NATO has never gone to war because of U.S., UK, and French nuclear weapons. Any Soviet leader since the 1950s would have been insane to go to war with a NATO country. It’s that simple, and believing the alliance was the reason there hasn’t been a war is idiotic.

NATO has now outlived its cold war purpose, but it’s still confronting a cold war enemy. The difference is there’s no existential threat to the U.S. from a Russian takeover of Ukraine.

So why are we so determined to bring Ukraine into NATO — especially since Kyiv’s joining the alliance may very well precipitate World War III?

Which brings us to Ukraine’s NATO yearnings. Proponents seem to believe that, after US-led conventional NATO forces expel Russia from occupied Ukraine, including Crimea, that Russia will accept this without resort to tactical or other nuclear weapons, and that such a demoralizing defeat could lead to a coup against Putin.

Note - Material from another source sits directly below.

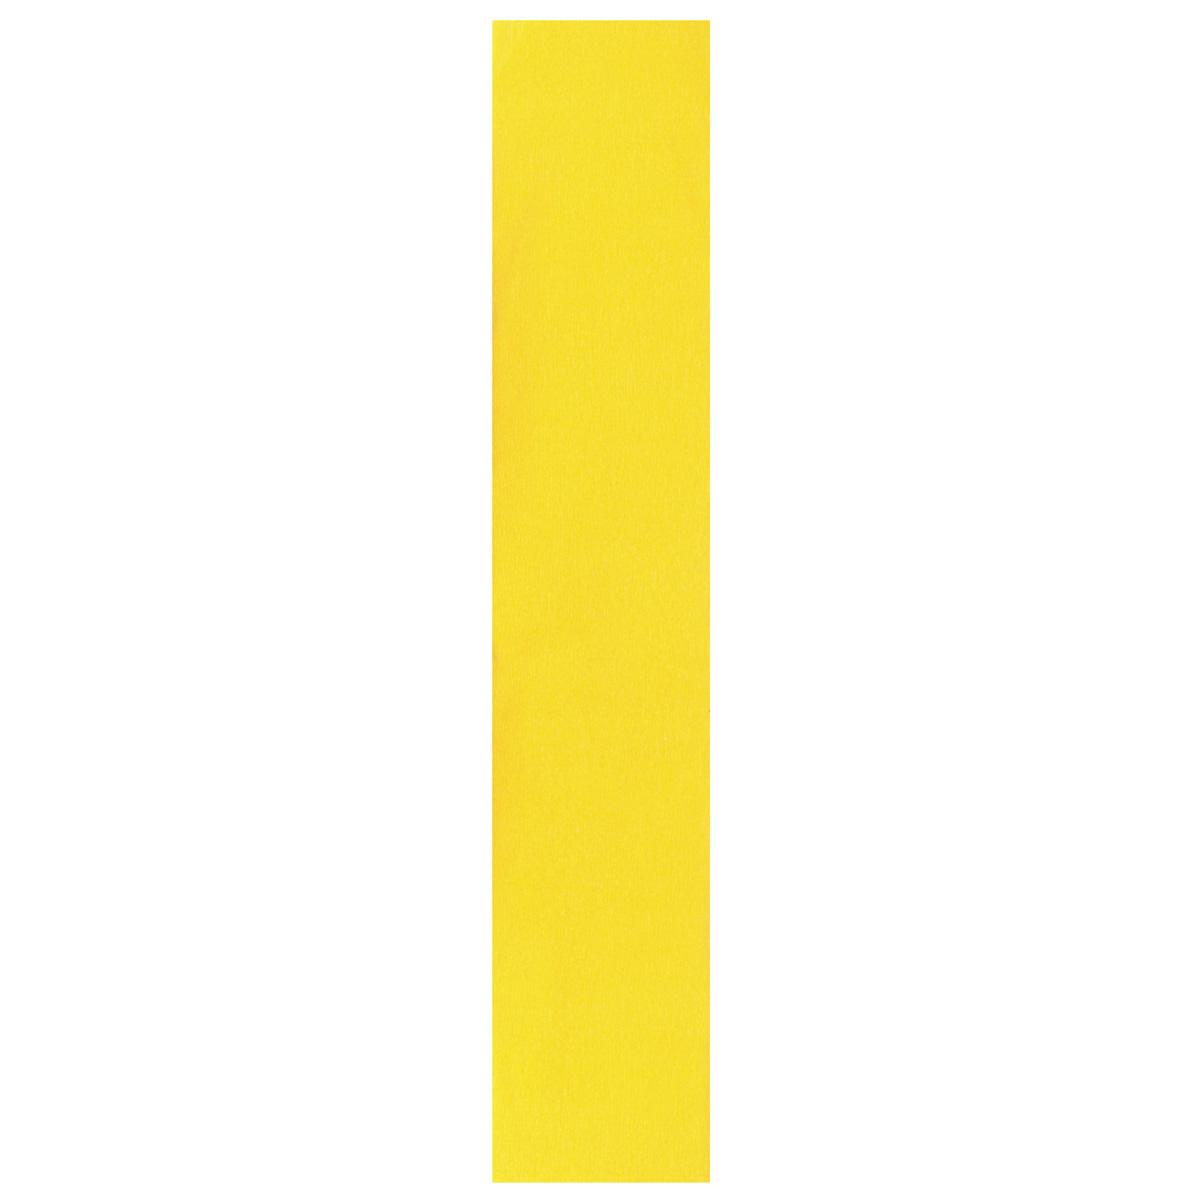 Бумага креповая Folia, цвет: желтый (06), 50 см x 2,5 м7704392_06Бумага креповая Folia - прекрасный материал для декорирования, украшения интерьера, изготовления искусственных цветов, эффектной упаковки и различных поделок. Бумага прекрасно держит форму, отлично крепится и замечательно подходит для изготовления праздничной упаковки для цветов.

This is madness. The risk of escalation is simply too high. Courageous and noble though many Ukrainians may be (Nazi brigades notwithstanding), America has no vital interest at stake in Ukraine.

Doran writes, “But there is no ultimate triumph to be had in Ukraine: It can’t and won’t be the war to redeem the other wars, the failures of Afghanistan, Iraq, Libya, and Syria. Yet this is what hawks desperately hope for.”

Also for our VIPs: Accusations Flying That Both Russia and Ukraine Are Planning to Sabotage Zaporizhzhya Nuclear Plant

Vladimir Putin has brought the current state of affairs on himself. He criminally underestimated Ukraine’s ability to resist the Russian military advance, and a war he expected to last a week or two drags on and on. But Putin believes if he holds the nuclear sword of Damocles over the heads of the Western alliance, we’ll eventually get cold feet and negotiate.

Meanwhile, the single strand of horsehair holding that sword in place is beginning to fray. It could snap at any time, making Biden and his pro-war advisors look like lunatics.